Seymour Hersh’s April New Yorker article on Washington’s war plans, which discussed the possibility of multiple air assaults on Iran and tactical nuclear bunker-busting strikes on Iran’s deep underground installations, evoked only weak denials from the Bush administration. It was closely followed on April 13 by Iran’s triumphant proclamation that it had mastered uranium enrichment techniques and had begun laboratory-scale enrichment for the first time.
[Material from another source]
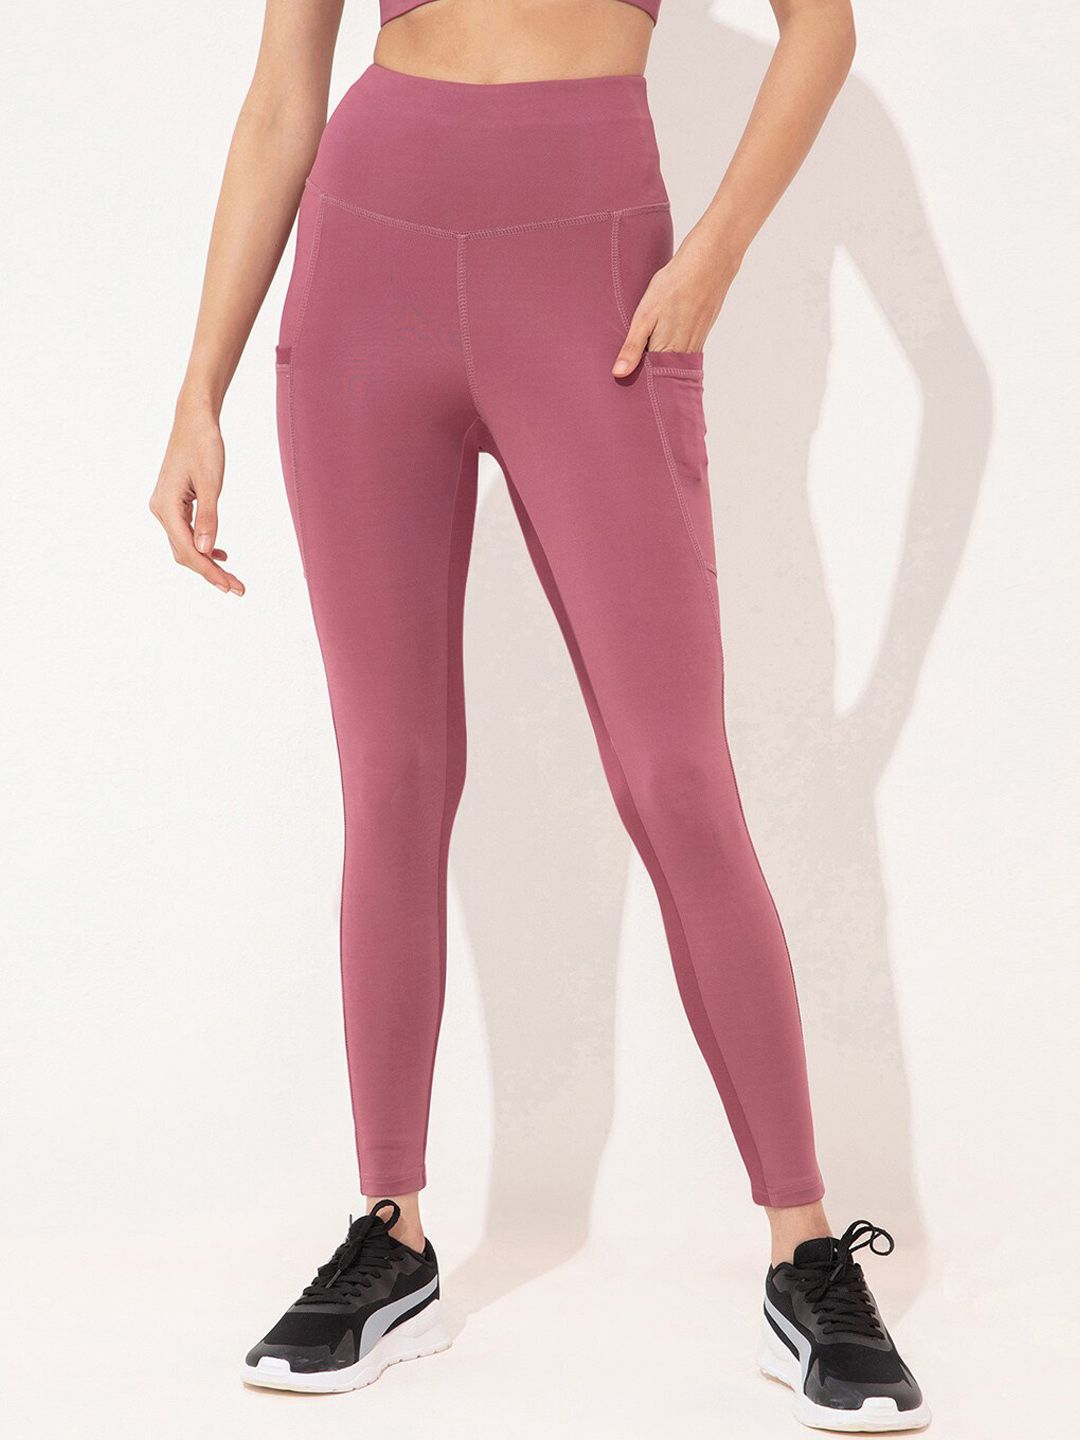 KICA Women Pink Solid Ankle-Length Tights Price in India

On April 2, the London Sunday Telegraph reported that senior British defense officials have secretly discussed the likely consequences of an “inevitable” US-led air offensive against Iran. The United States hopes to garner multinational support, it claims, but it would go it alone or only with Israel if it had to. This unchallenged report contrasts sharply with British Foreign Secretary Jack Straw’s assurances in March that such an action was “inconceivable”—similar to many British and US public comments preceding the 2003 invasion of Iraq. The Telegraph predicted that the weapons would be largely the same as those used in Iraq: Tomahawk cruise missiles fired from submarines and B-2 Stealth bombers carrying BLU-28 satellite-guided bunker-busting bombs. It did not mention tactical nuclear weapons.
Over 40 years of close coverage inside and outside the Middle East convinces me of the folly of such an assault on Iran—especially if the Bush-Rumsfeld team should ignore the advice of senior US military officers against using tactical nukes. Bombing Iran would strengthen, not weaken, the clerical regime that Bush apparently wants to overthrow. During his reign, the Shah of Iran’s actions, which included an intentional increase of world oil prices in 1973 and an unsuccessful attempt to annex Bahrain in 1968, were highly unpopular in the West. Iranians, however, rallied around the flag at home in support of these initiatives. In the event of a US-led attack on the country’s regime or military, they would undoubtedly rally again with intense nationalistic fervor. Such an attack would be seen as an attempt to frustrate the advent of nuclear energy as a tool of modernization and industrialization in Iran—an initiative that has its foundations in the late 1950s. Moreover, Iranians would be outraged at the hypocrisy of such an incursion by the United States, a country that has tacitly approved the unofficial nuclear weapons programs of Pakistan, India, and Israel.